Physical isolation between two networks
A large number of private networks and public networks, between intranet and extranet, need to solve the problem of intrusion and security. By using the network barrier, the necessary data communication between the two networks can be realized, and the security problem of mutual intrusion is ensured.

Hardware metrics

Physical parameters
Physical Dimensions (W x D x H): 430mm x 280mm x 89mm
Weight: 13kg

Power supply parameters
Input voltage: AC ~ 250V
Input frequency: ~ HZ
Power consumption: W

Working environment
Operating temperature: 0 ~ 60 degrees Celsius
Storage Temperature:-20 ~ 80 degrees Celsius
Working Humidity: 5 ~ 95, non condensing
Storage Humidity: 5 ~ 95%, non-condensing

Contact Us

The content source of this page is from Internet, which doesn't represent Alibaba Cloud's opinion; products and services mentioned on that page don't have any relationship with Alibaba Cloud. If the content of the page makes you feel confusing, please write us an email, we will handle the problem within 5 days after receiving your email.
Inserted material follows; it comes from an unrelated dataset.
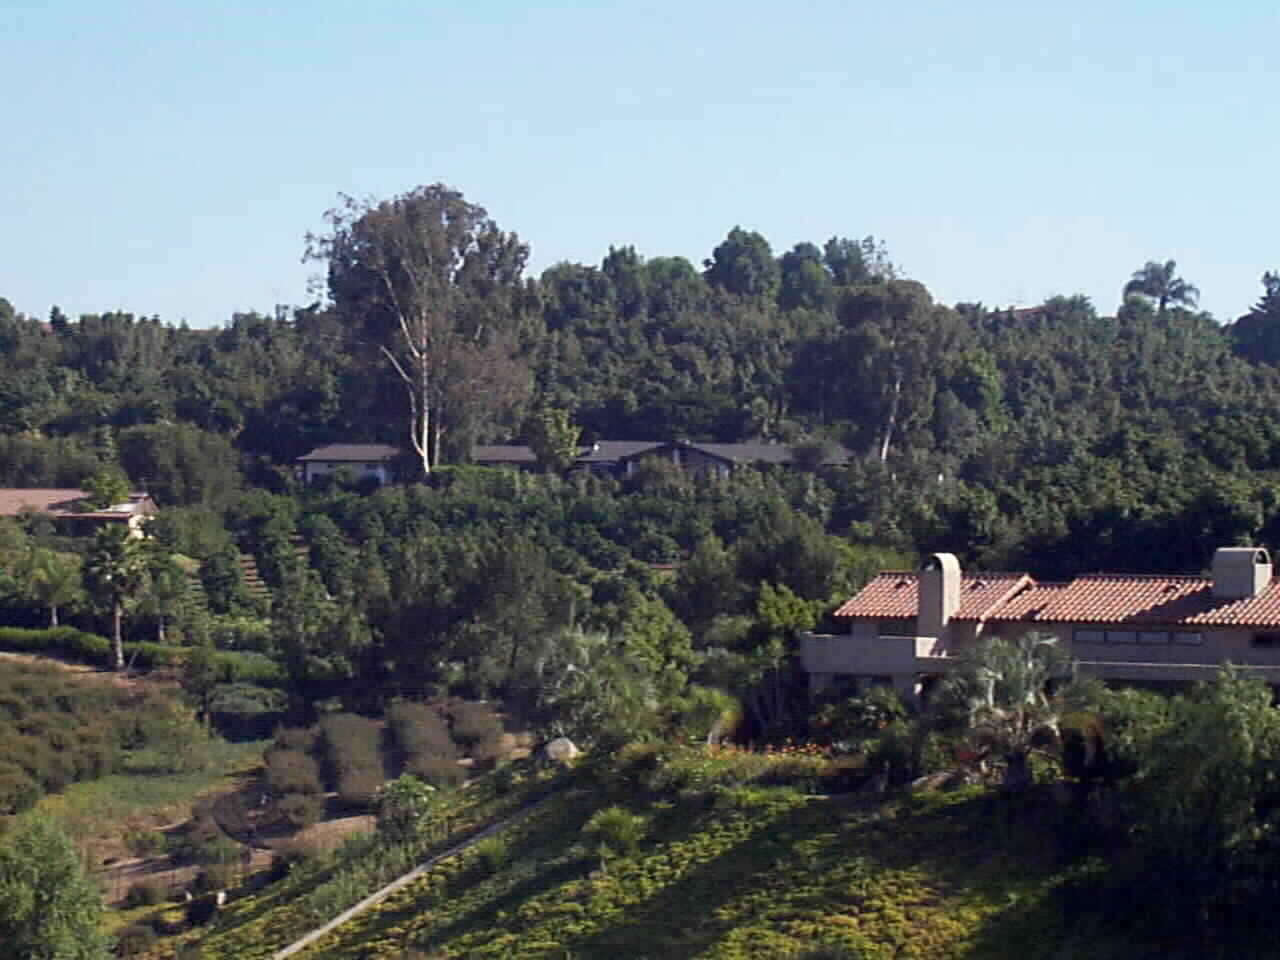 View from across the Valley of 6447 Via De La Reina

If you find any instances of plagiarism from the community, please send an email to: info-contact@alibabacloud.com and provide relevant evidence. A staff member will contact you within 5 working days.

A Free Trial That Lets You Build Big!

Start building with 50+ products and up to 12 months usage for Elastic Compute Service

  • Sales Support

    1 on 1 presale consultation

  • After-Sales Support

    24/7 Technical Support 6 Free Tickets per Quarter Faster Response

  • Alibaba Cloud offers highly flexible support services tailored to meet your exact needs.